一方、島には異形の怪物キャリバンも住んでおり、プロスペローに反感を抱いています。酒に酔ったトリンキュローとステファノーという道化と料理係がキャリバンと出会い、三人はプロスペロー打倒を企てますが……。
空気の妖精アリエルの活躍
しかしすべてはプロスペローの掌の上。忠実な空気の精アリエルが常に見張っており、キャリバンたちの陰謀も失敗に終わります。
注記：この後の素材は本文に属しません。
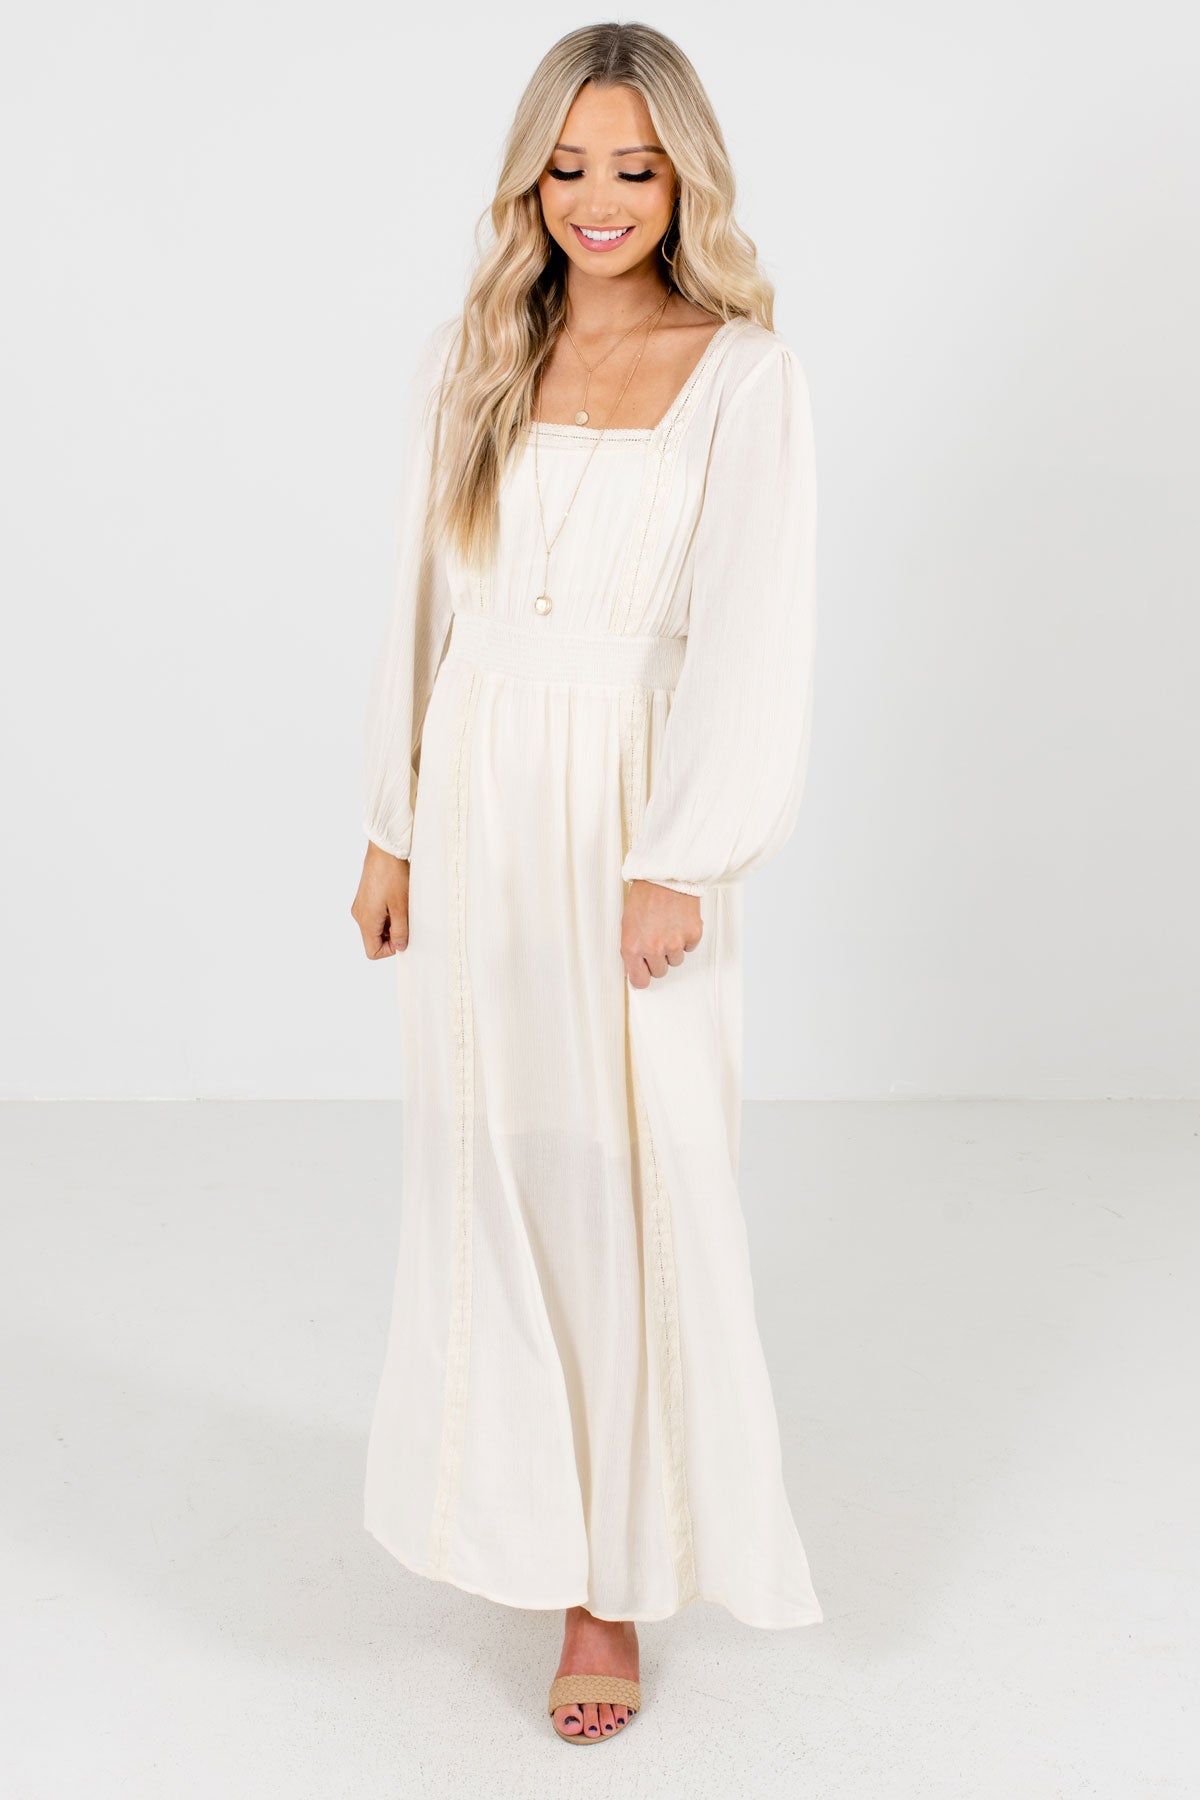 Cream Cute and Comfortable Boutique Maxi Dresses for Women
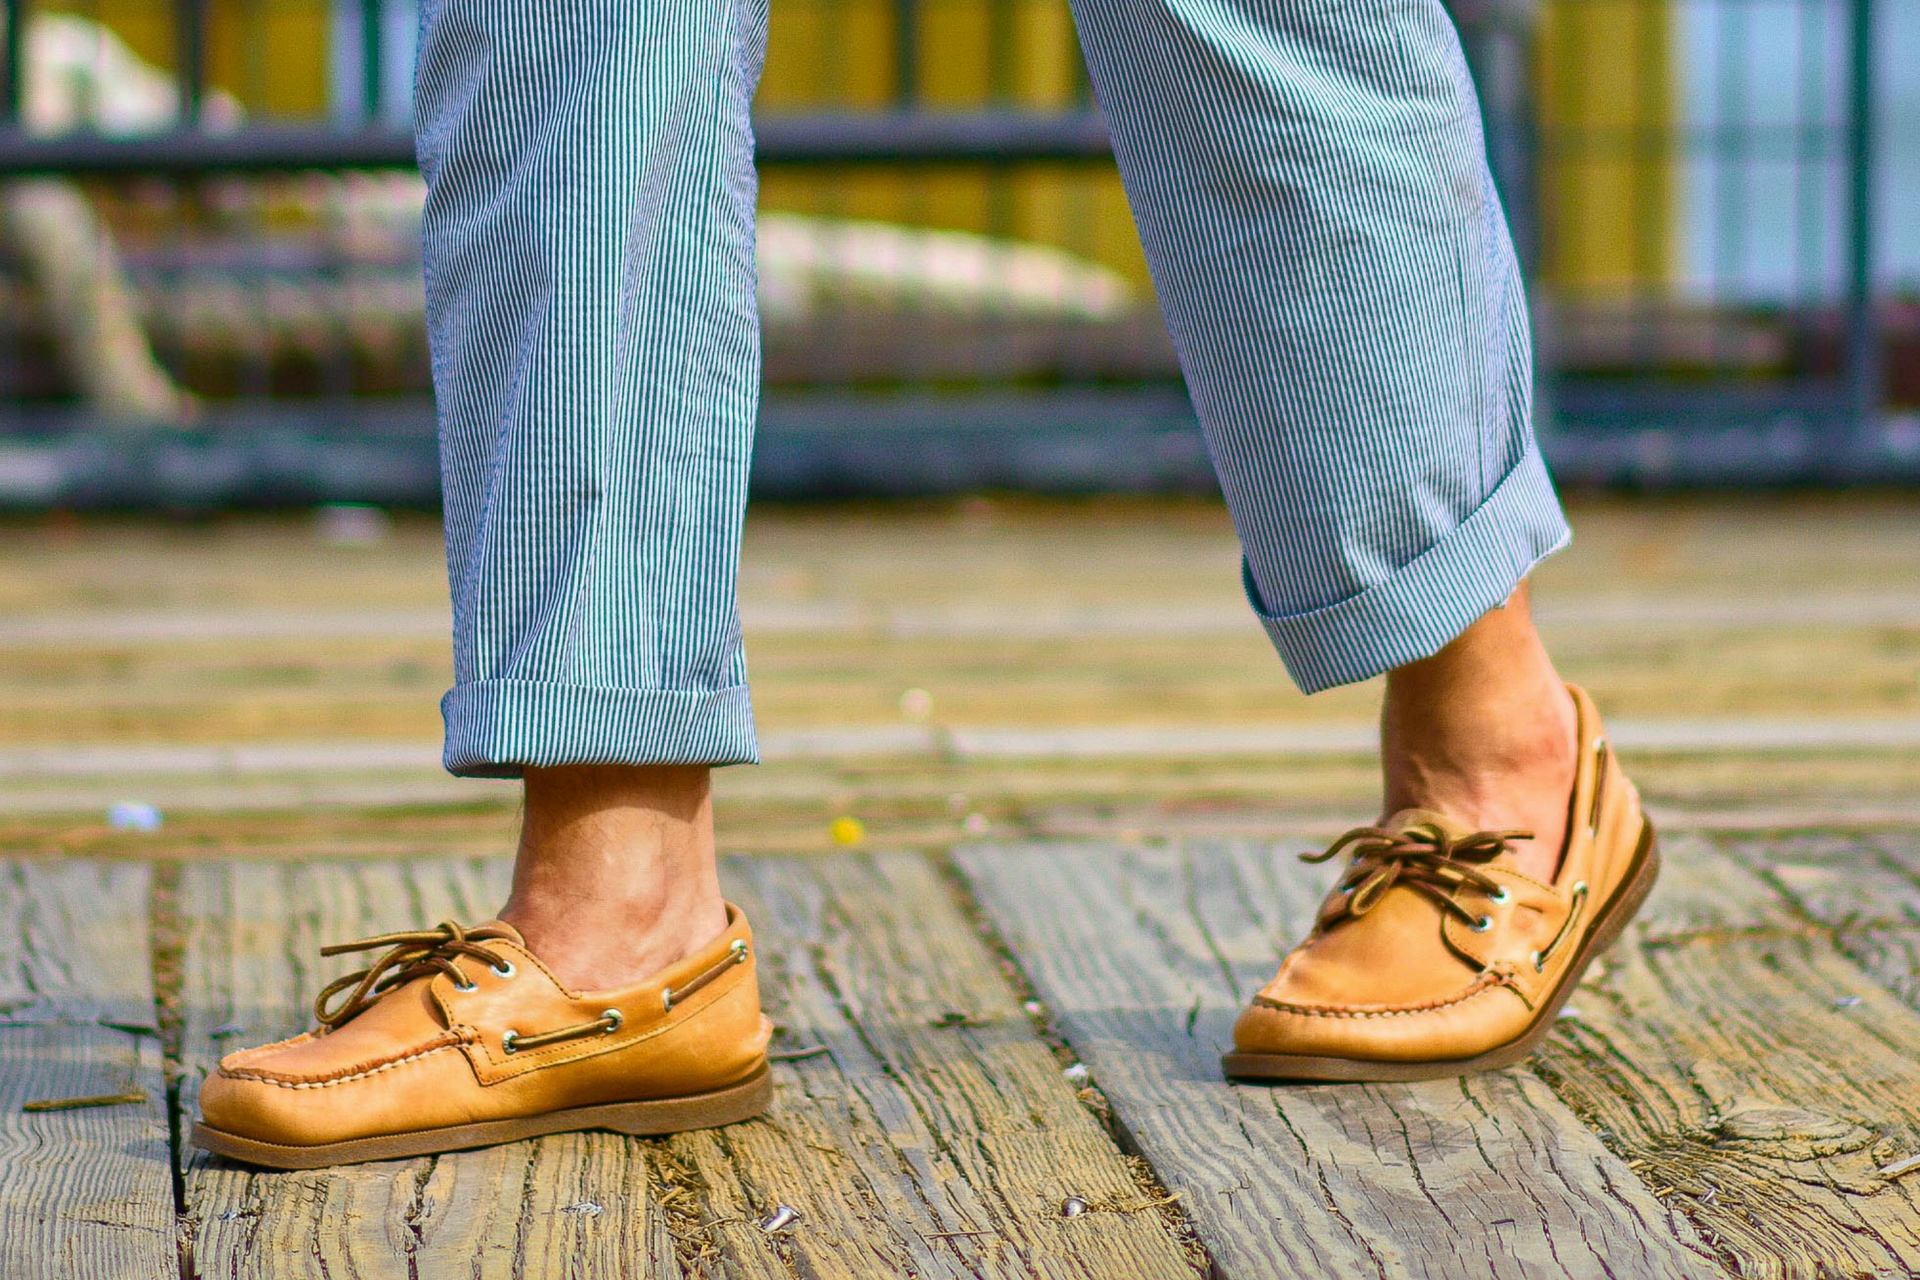 nautical-style-summer-inspiration-sperry-boat-shoes - dandy in the bronx

最終的にプロスペローは復讐を思いとどまり、弟やナポリ王を赦します。娘とフェルディナンドの結婚も認められ、プロスペローはミラノ公としての地位を取り戻して物語は終わります。
感想:幻想劇に込められた円熟のまなざし
『あらし』は、復讐劇でありながら、最後には赦しと和解で締めくくられる穏やかな作品です。そこには、老いた作者の深い達観が感じられます。
無人島、魔法、妖精といった幻想的な要素は、『夏の夜の夢』を想起させる一方で、より落ち着いた筆致で描かれており、現実と夢のあわいに立つような浮遊感があります。
また、怪物キャリバンや妖精アリエルといった非人間的存在の描写も見逃せません。彼らは単なる脇役ではなく、人間の持つ野蛮さや自由への希求を象徴する存在でもあります。
シェイクスピア劇の中でもとりわけ「異色作」とされるこの戯曲。ぜひ一読をおすすめします。